Beirut: President Bashar Al Assad’s key military unit in charge of protecting Damascus is running secret prisons holding hundreds of suspected regime opponents, a Syria-based human rights group said in a report on Monday.

The Violations Documentation Centre said the regime’s 4th Division runs detention centres in its bases in and around Damascus. The division is commanded by Maher Al Assad, the president’s younger brother. It is considered a pillar of loyalist forces and is charged with defending the capital, the seat of Al Assad’s power.

The Centre, which has tracked the dead, wounded and missing since the start of the uprising in March 2011, said it interviewed “several” former detainees, who had been held in small crowded cells and beaten by guards.

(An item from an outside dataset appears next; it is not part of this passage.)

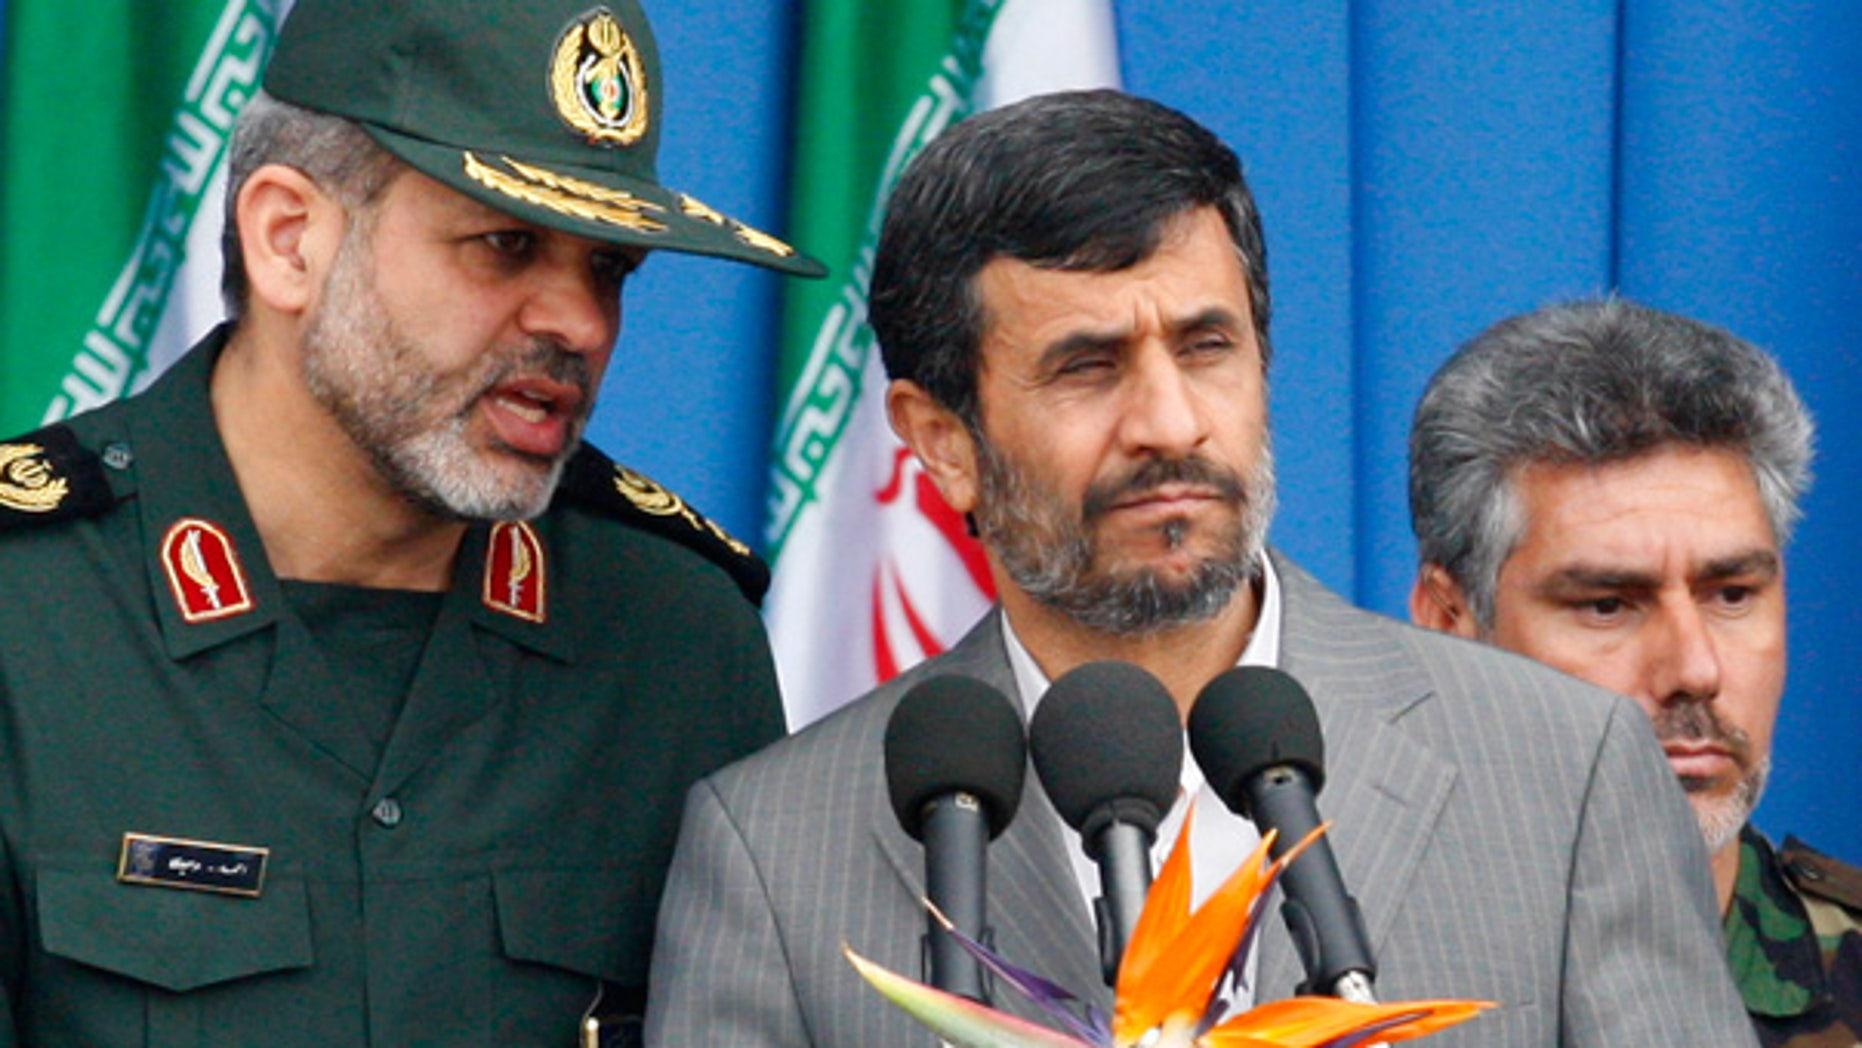 April 18: Iranian President Mahmoud Ahmadinejad listens to his Defense Minister, Gen. Ahmad Vahidi during an army parade in Tehran.

Bashar Al Ahmad, a 31-year-old schoolteacher, said he was taken blindfolded to the detention centre and realized after he was arrived that he was underground. He said guards started beating him with batons, electric prods and cables “the moment we arrived.” The report said Al Ahmad was accused of human right activism.

The Centre’s claims could not be independently verified, but other rights groups including the US-based Human Rights Watch have said thousands of opposition members, protesters and their families have been detained since the revolt against Assad’s rule started in March 2011.

Syria’s government rarely comments on claims by such groups.

None of the former detainees were able to give the exact location of the secret prison because they said they had been blindfolded during transfer there from an intelligence branch, the report said. They also said they had been held in small cells crammed with dozens of other prisoners.

The report did not say when the detentions occurred. Fighting has flared in recent weeks in the suburbs of Damascus as regime forces move against neighbourhoods used by rebel groups to threaten the capital, the seat of Al Assad’s power.

Syria’s two-year conflict that’s started as peaceful protests against Al Assad’s autocratic regime that turned into civil war in which more than 70,000 people have been killed, according to the United Nations.